Chip8 Assembler - Code Generator

In the last post expressions were created by grouping tokens together. Now its time to generate Chip8 opcodes from the expressions.

Semantics Checker

I’m not going to go into the details of the semantics checker here. It is essentially a series of match and if statements to verify that the expressions are valid.

For example the following is an invalid expression.

[Instruction, Label, NumericLiteral]

It will also check if the operands for a given instruction are valid.

Here is a link to the file

Code Generator

Ok so what does the generator need to do? It needs to take an input of expressions, Vec<Expression>, and generate chip8 opcodes.

What information will we need access to?

Ok lets start with that.

/// Contains the logic to transform valid expressions of Tokens into
/// Chip8 opcodes
pub struct CodeGenerator {
    address_counter: u32,
    labels: HashMap<String, u32>,
    opcodes: Vec<u8>
}

impl CodeGenerator {
    pub fn new() -> Self {
        CodeGenerator {
            address_counter: 0,
            labels: HashMap::new(),
            opcodes: vec![0; 4096]
        }
    }

    // ...

An address_counter to track the current memory location of the opcode and a hash map called labels to keep track of labels.

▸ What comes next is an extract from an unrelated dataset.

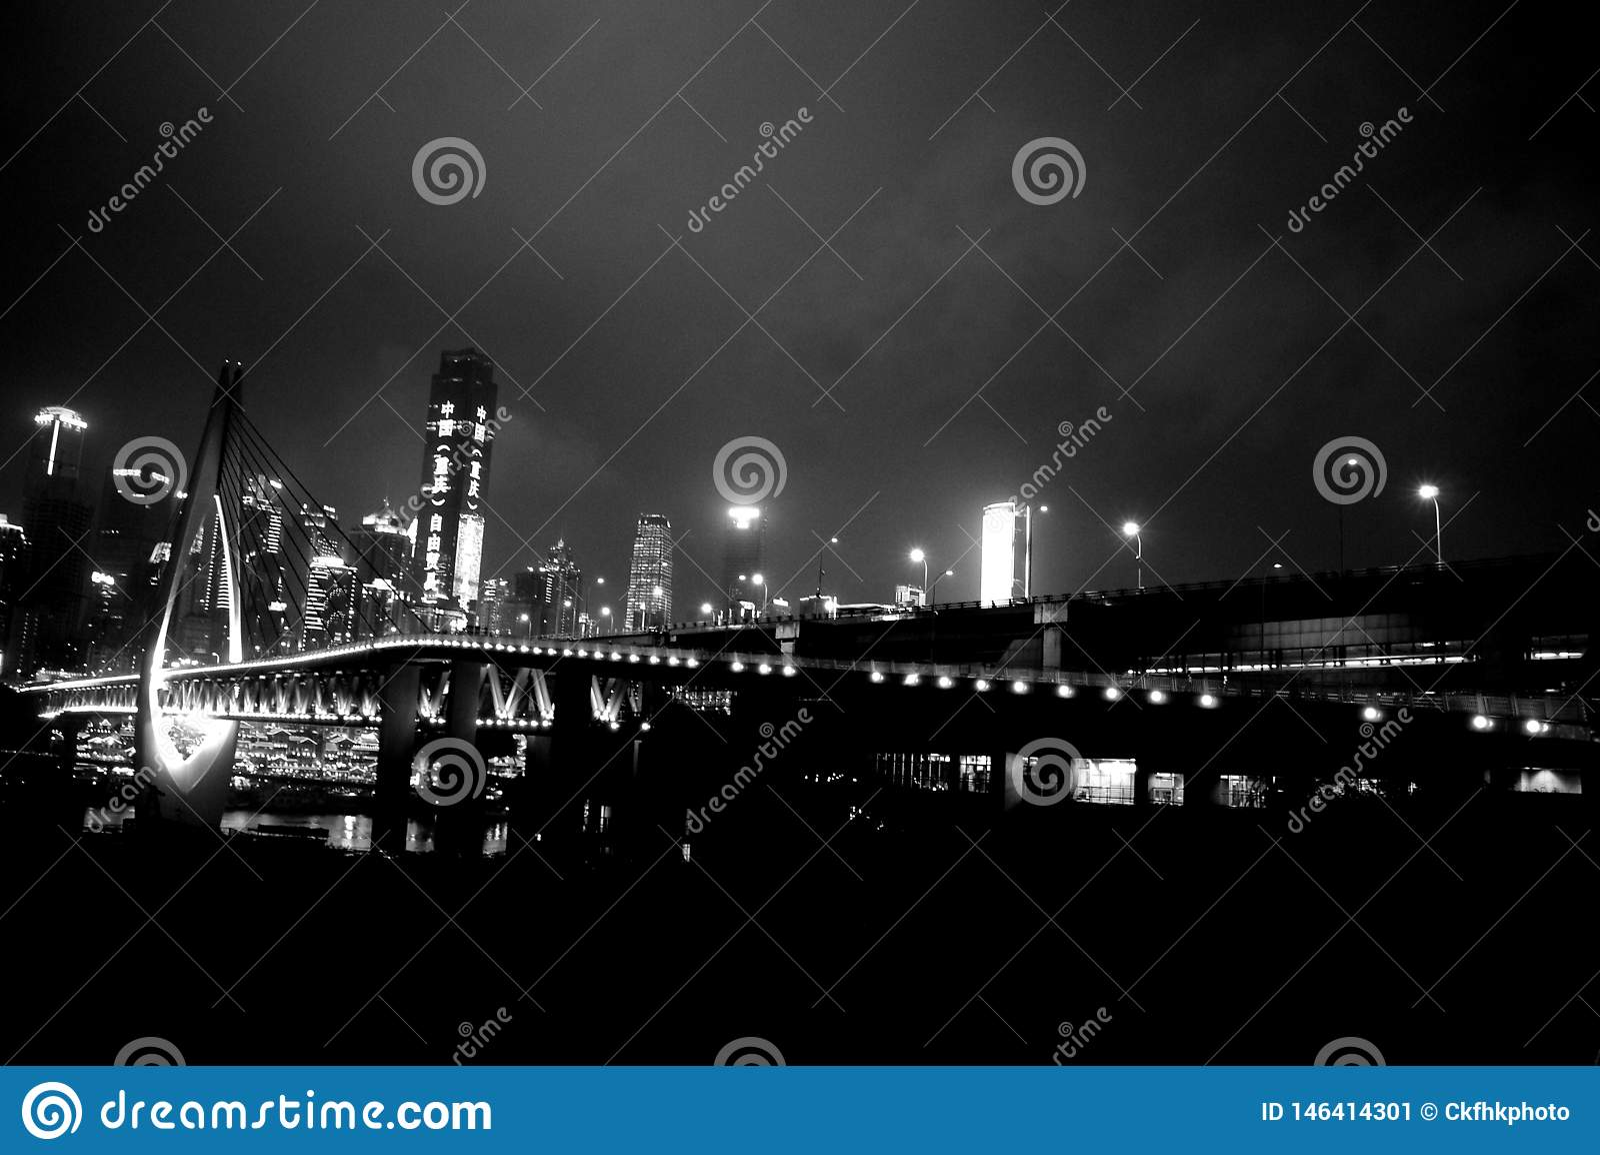 Chongqing Millennium Bridge

    /// Consumes the code generator and the expressions and return a vetor containing the generated opecodes
    pub fn generate(mut self, exprs: Vec<Expression>) -> Vec<u8> {
        // iterate over the expressions
        for expr in exprs.iter() {
            self.process_expression(expr);
        }
    }

And a function to kink everything off.

We want to be able to process the different types of expressions. They can be Directives, Labels or Instructions.

We also want to ensure the expressions are valid.

    /// Process a new expression
    fn process_expression(&mut self, expr: &Expression) {
        // check that the expression is valid
        semantics::check(expr).unwrap();
        
        match expr[0] {
            Token::Directive(_) => {
                self.process_directive(expr);
            },
            Token::Label(_) => {
                self.process_label(expr);
            },
            Token::Instruction(_) => {
                self.process_instruction(expr);
            },
            _ => {
                panic!("Invalid token for start of expression");
            }
        }
    }

Process Directives

There are only two directives to process: org and db.

    fn process_directive(&mut self, expr: &Expression) {
        if let Token::Directive(ref directive) = expr[0] {
            match directive.as_ref() {
                "org" => {
                    if let Token::NumericLiteral(address) = expr[1] {
                        // set the new address location
                        self.address_counter = address;
                    }
                },
                "db" => {
                    for i in 1..expr.len() {
                        if let Token::NumericLiteral(n) = expr[i] {
                            self.opcodes[self.address_counter as usize] = n as u8;
                            self.increment_address_counter(1);
                        }
                    }
                }
                _ => {}
            }
        }
    }

Process Labels

Processing labels in pretty straight forward. When a new label is encounter, insert the current address_counter into the hash map keyed by the label.

    fn process_label(&mut self, expr: &Expression) {
        if let Token::Label(ref label) = expr[0] {
            if !self.labels.contains_key(label) {
                self.labels.insert((*label).clone(), self.address_counter);
            }
            else {
                panic!("The label: {} has already been used", label);
            }
        }
    }

Process Instructions

To process the instructions we match the string contained in the Token::Intstruction with one of the opcodes and then call a correspond processing function.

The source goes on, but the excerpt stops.